▶ **PROBLEM DESCRIPTION**
The listing is to be reproduced exactly, excluding its pictures.
---- DATASET CONTENT
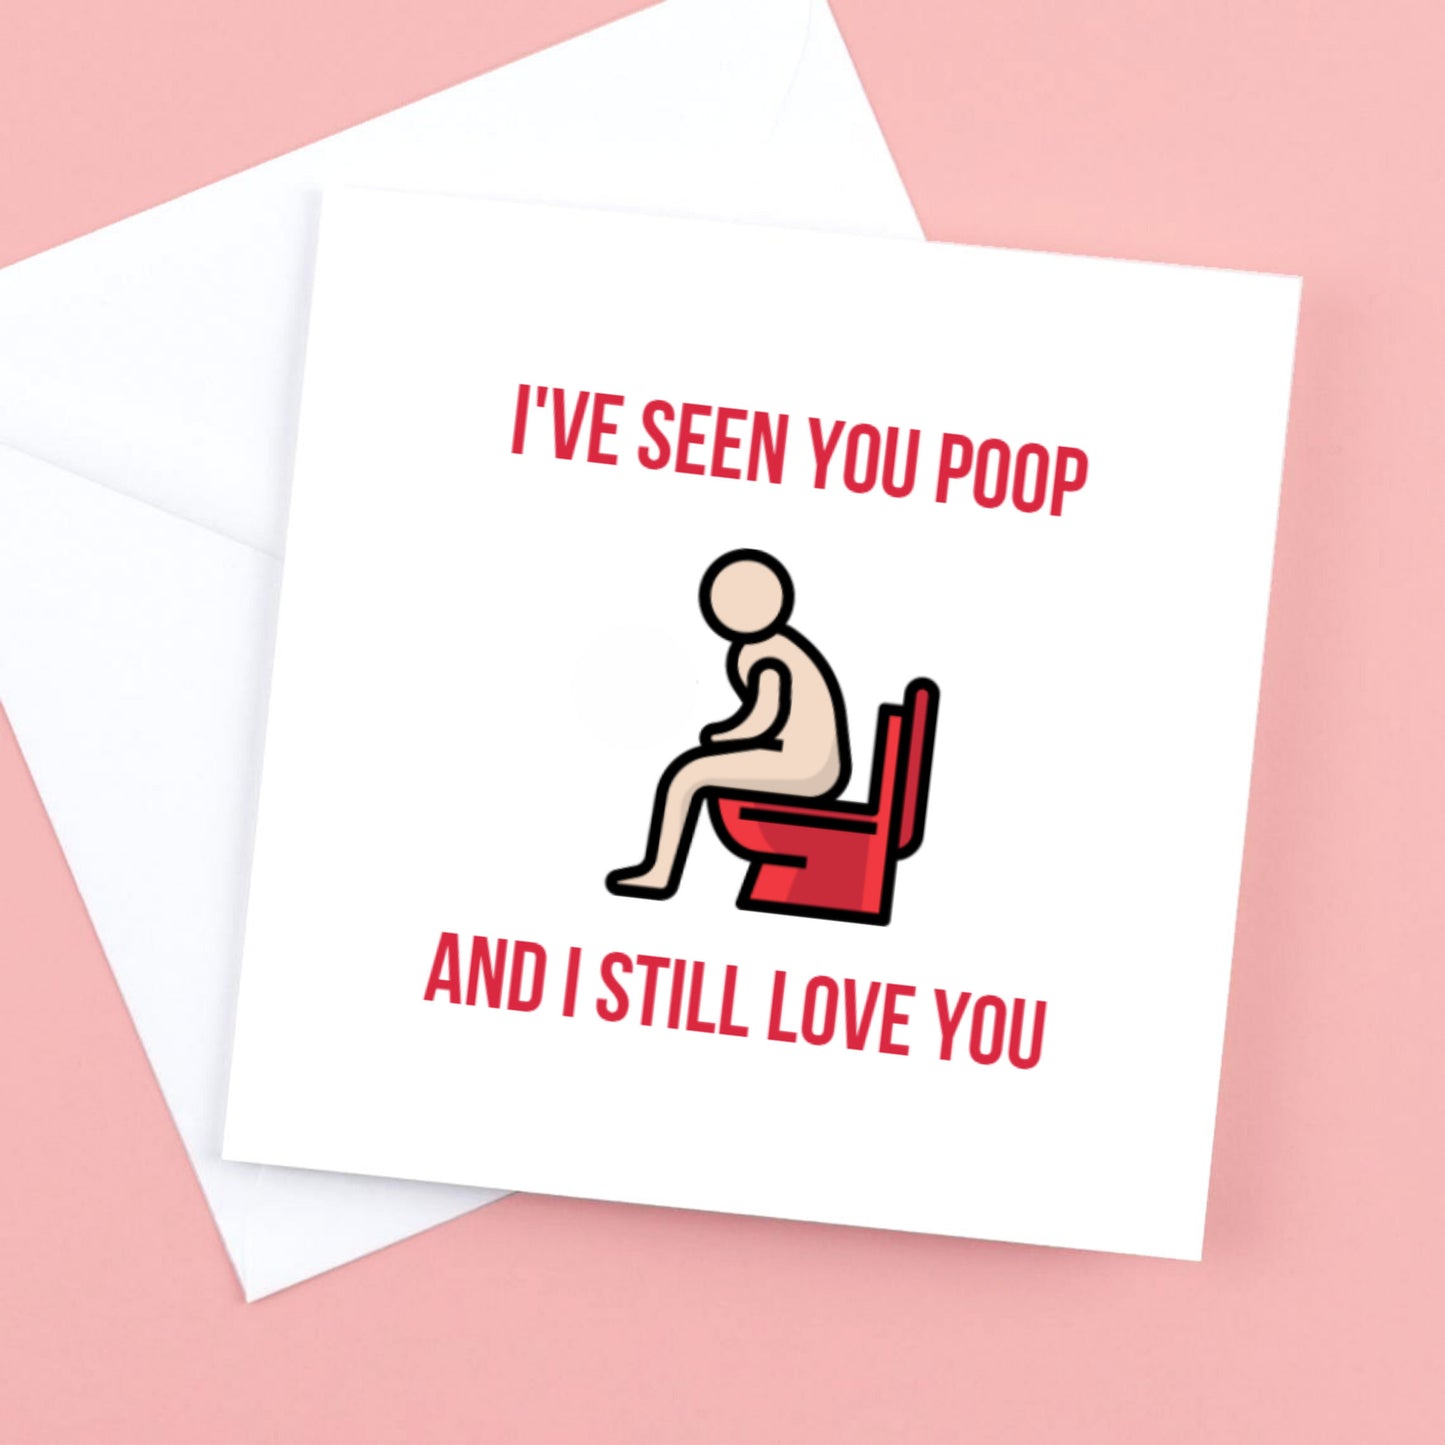 I've seen you poop and I still love you card
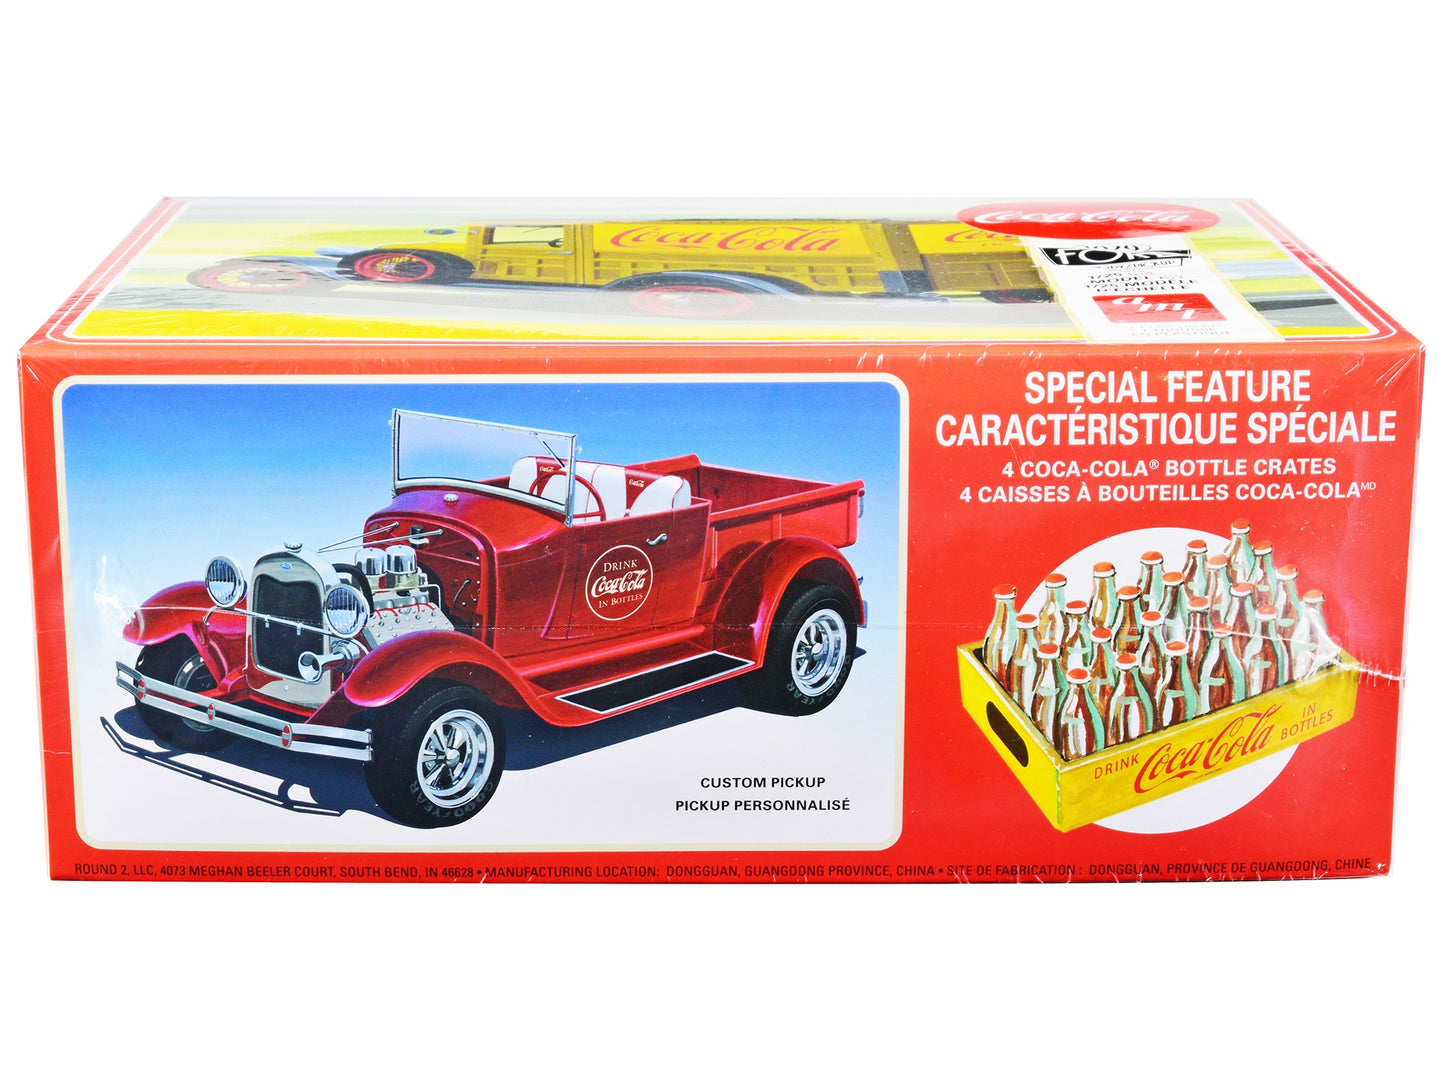 Skill 3 Model Kit 1929 Ford Woody/Pickup 4-in-1 Kit "Coca-Cola" 1/25 Scale Model Car by AMT
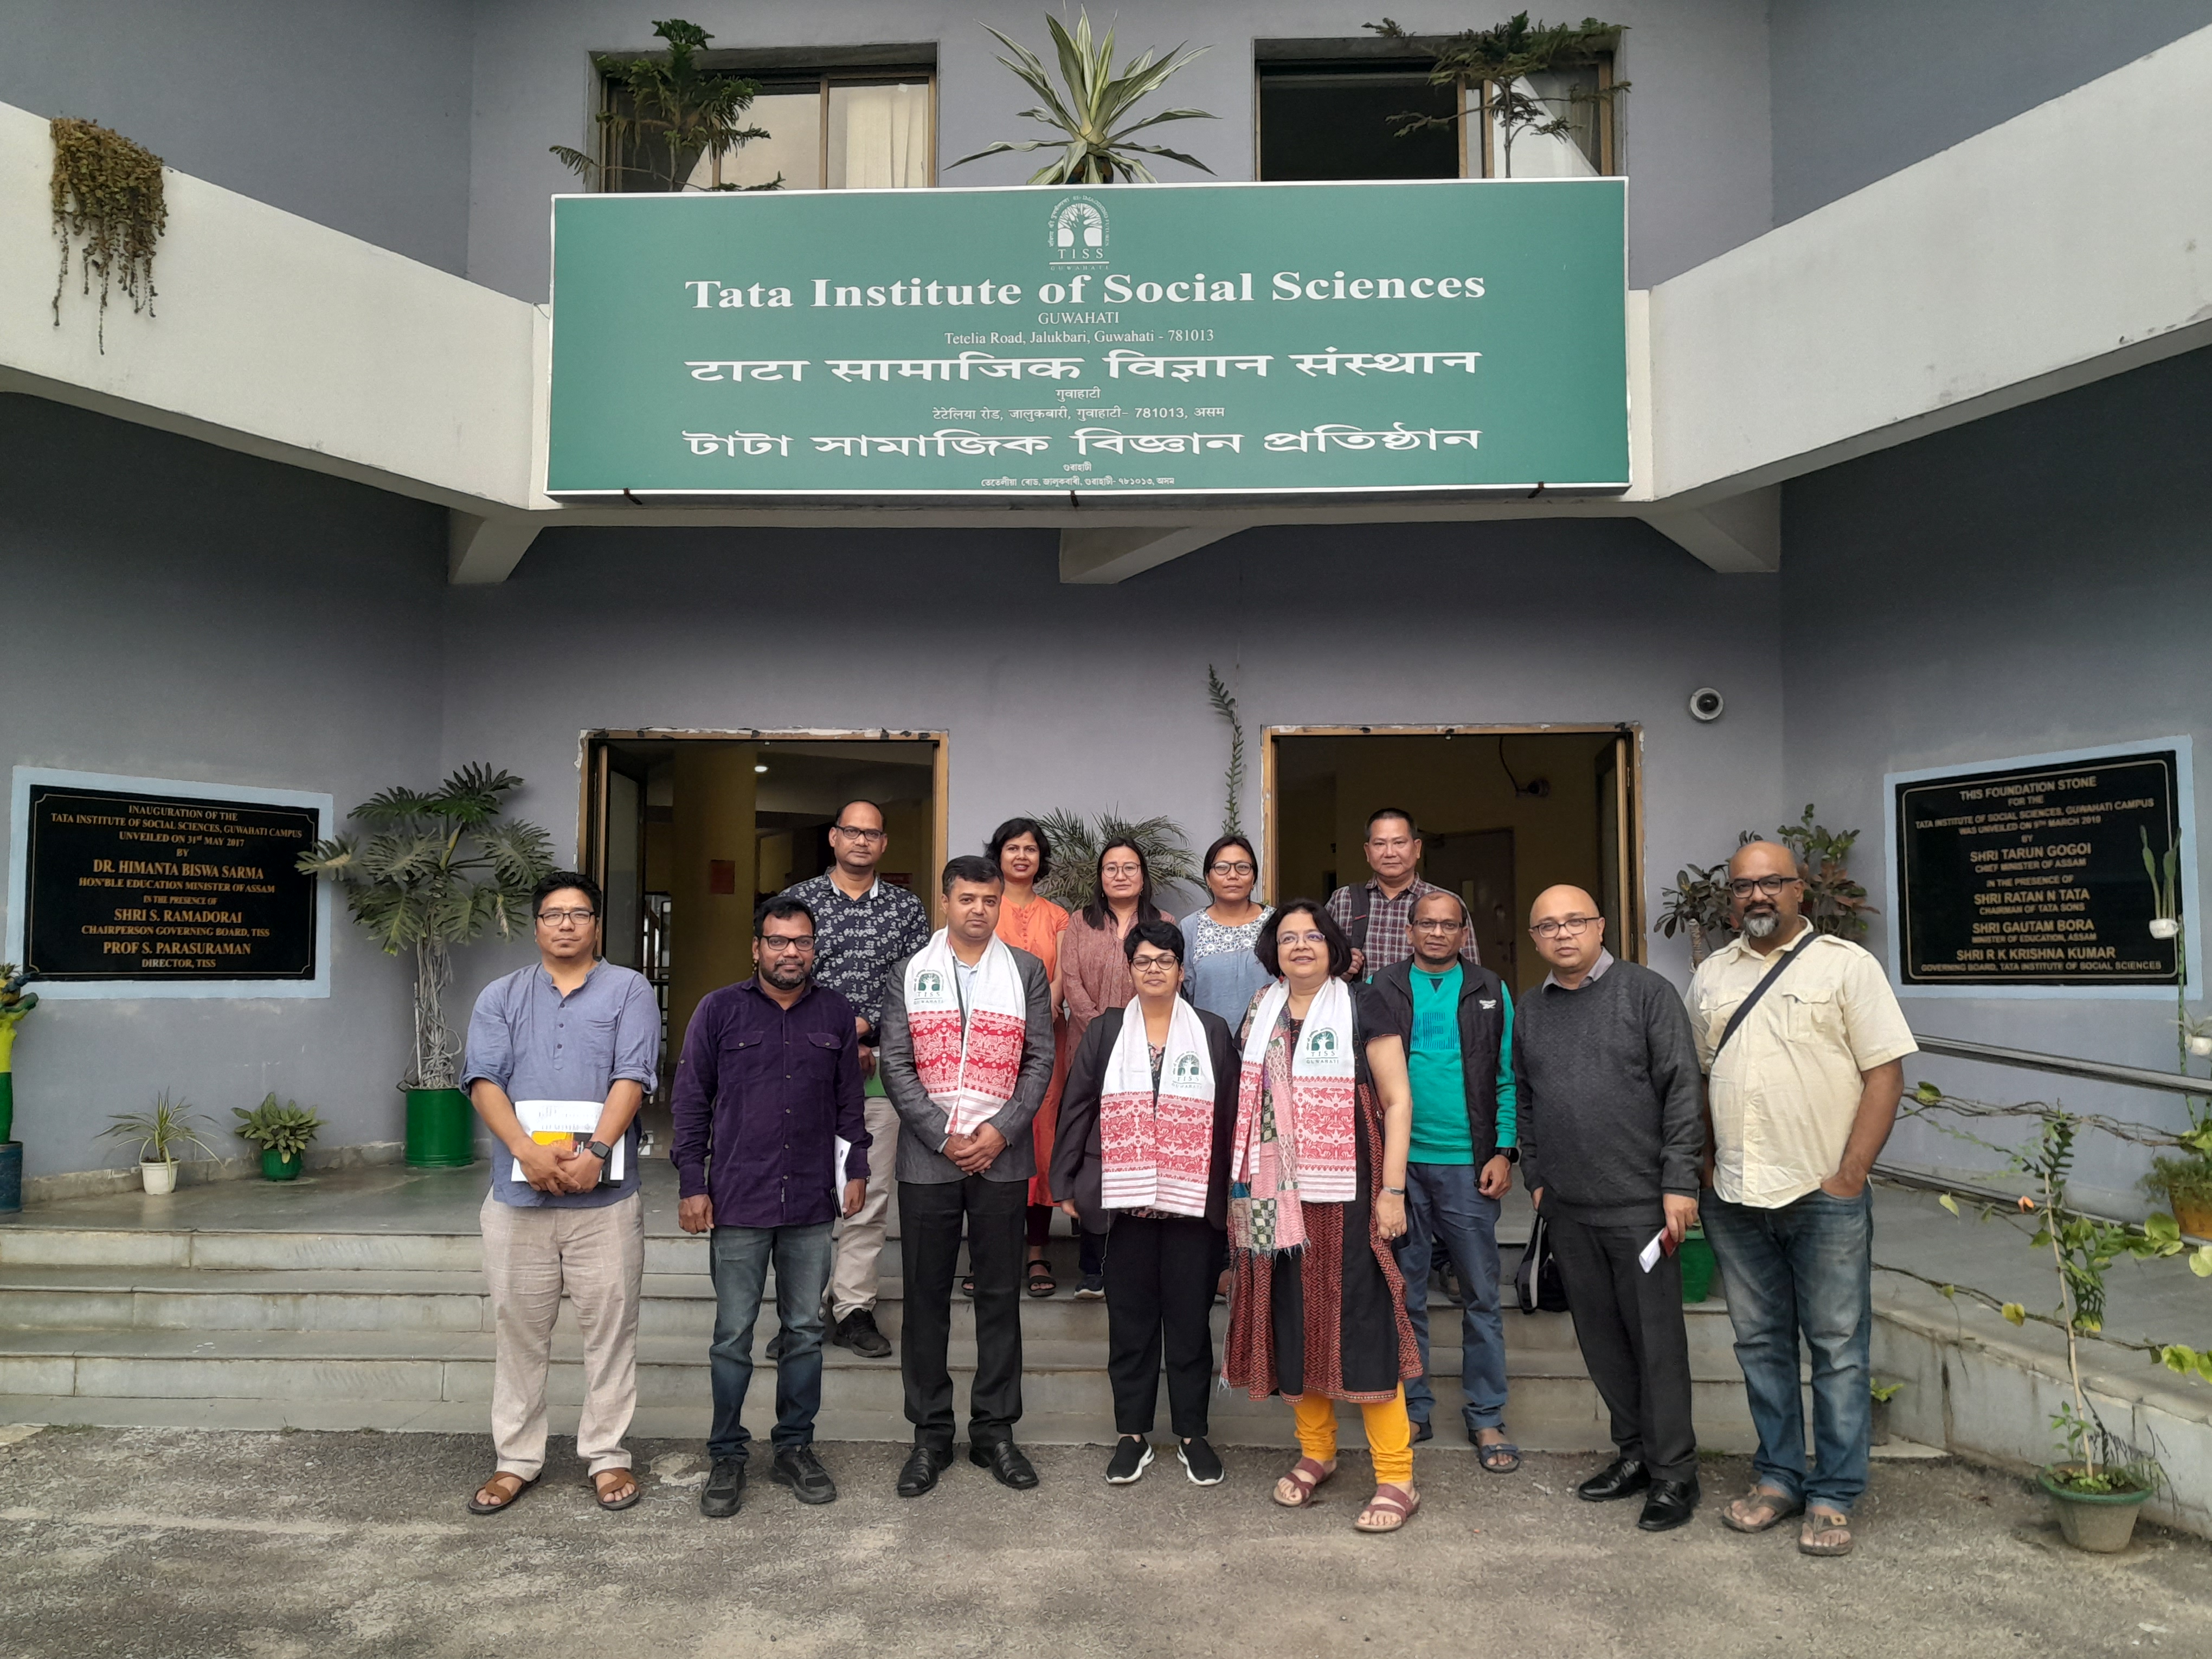 Institutional visit and Interaction with faculty at the Tata Institute of Social Sciences, Guwahati
--------
▶ **TASK RESPONSE**
 I've seen you poop and I still love you card
 Skill 3 Model Kit 1929 Ford Woody/Pickup 4-in-1 Kit "Coca-Cola" 1/25 Scale Model Car by AMT
 Institutional visit and Interaction with faculty at the Tata Institute of Social Sciences, Guwahati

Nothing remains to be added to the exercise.